Finds the first digit counts which is used in Benford's law. This is an alias to query_first_digit_cnt.

Source code in python/polars_ds/exprs/ts_features.py

def query_benford(var: str | pl.Expr) -> pl.Expr:
    """
    Finds the first digit counts which is used in Benford's law. This is an alias to
    `query_first_digit_cnt`.
    """
    return query_first_digit_cnt(var)

`query_c3_stats(x, lag)`

Measure of non-linearity in the time series using c3 statistics.

Parameters:

Name	Type	Description	Default
`x`	`Expr`	Either the name of the column or a Polars expression	required
`lag`	`int`	The lag that should be used in the calculation of the feature.	required

Reference

https://arxiv.org/pdf/chao-dyn/9909043

Source code in python/polars_ds/exprs/ts_features.py

def query_c3_stats(x: str | pl.Expr, lag: int) -> pl.Expr:
    """
    Measure of non-linearity in the time series using c3 statistics.

    Parameters
    ----------
    x : pl.Expr
        Either the name of the column or a Polars expression
    lag : int
        The lag that should be used in the calculation of the feature.

    Reference
    ---------
    https://arxiv.org/pdf/chao-dyn/9909043
    """
    two_lags = 2 * lag
    xx = to_expr(x)
    return ((xx.mul(xx.shift(lag)).mul(xx.shift(two_lags))).sum()).truediv(xx.len() - two_lags)

`query_cid_ce(x, normalize=False)`

Estimates the time series complexity.

Parameters:

Name	Type	Description	Default
`x`	`Expr`	Either the name of the column or a Polars expression	required
`normalize`	`bool`	If True, z-normalizes the time-series before computing the feature. Default is False.	`False`

Reference

https://www.cs.ucr.edu/~eamonn/Complexity-Invariant%20Distance%20Measure.pdf

Source code in python/polars_ds/exprs/ts_features.py

def query_cid_ce(x: str | pl.Expr, normalize: bool = False) -> pl.Expr:
    """
    Estimates the time series complexity.

    Parameters
    ----------
    x : pl.Expr
        Either the name of the column or a Polars expression
    normalize : bool, optional
        If True, z-normalizes the time-series before computing the feature.
        Default is False.

    Reference
    ---------
    https://www.cs.ucr.edu/~eamonn/Complexity-Invariant%20Distance%20Measure.pdf
    """
    xx = to_expr(x)
    if normalize:
        y = (xx - xx.mean()) / xx.std()
    else:
        y = xx

    z = y - y.shift(-1)
    return z.dot(z).sqrt()

`query_cond_entropy(x, y)`

Queries the conditional entropy of x on y, aka.
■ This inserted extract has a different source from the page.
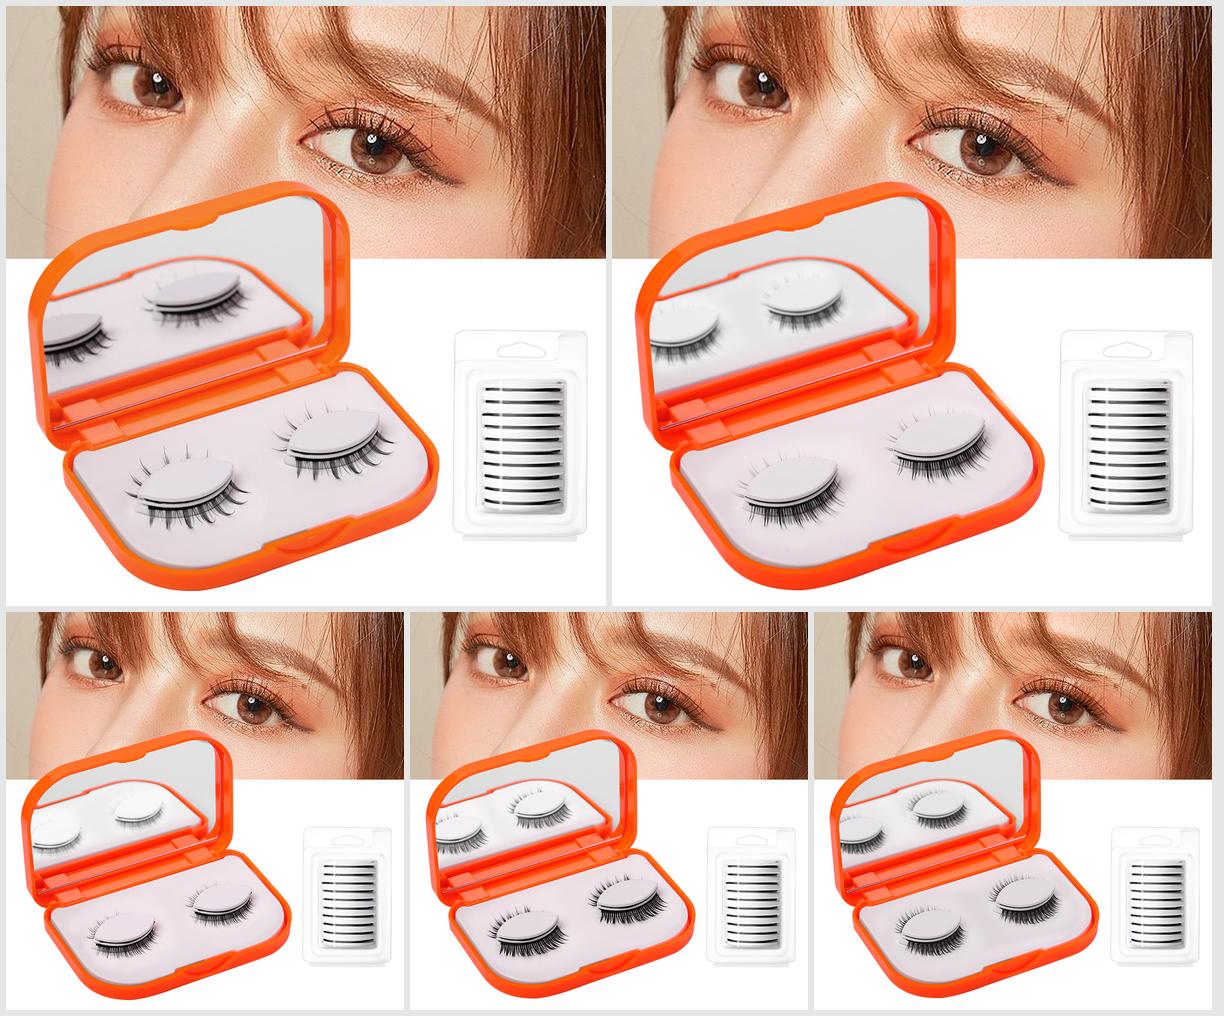 Two Pairs of Glue-Free Self-Adhesive False Eyelashes Soft Thin Rods Natural Extensions Warm Feeling Self-Adhesive Eyelashes

H(x|y).

Parameters:

Name	Type	Description	Default
`x`	`str \| Expr`	Either a string or a polars expression	required
`y`	`str \| Expr`	Either a string or a polars expression	required

Source code in python/polars_ds/exprs/ts_features.py

def query_cond_entropy(x: str | pl.Expr, y: str | pl.Expr) -> pl.Expr:
    """
    Queries the conditional entropy of x on y, aka. H(x|y).

    Parameters
    ----------
    x
        Either a string or a polars expression
    y
        Either a string or a polars expression
    """
    return pl_plugin(
        symbol="pl_conditional_entropy",
        args=[to_expr(x), to_expr(y)],
        returns_scalar=True,
        pass_name_to_apply=True,
    )

`query_cond_indep(x, y, z, k=3, parallel=False)`

Computes the conditional independance of x and y, conditioned on z

Reference

Jian Ma. Multivariate Normality Test with Copula Entropy. arXiv preprint arXiv:2206.05956, 2022.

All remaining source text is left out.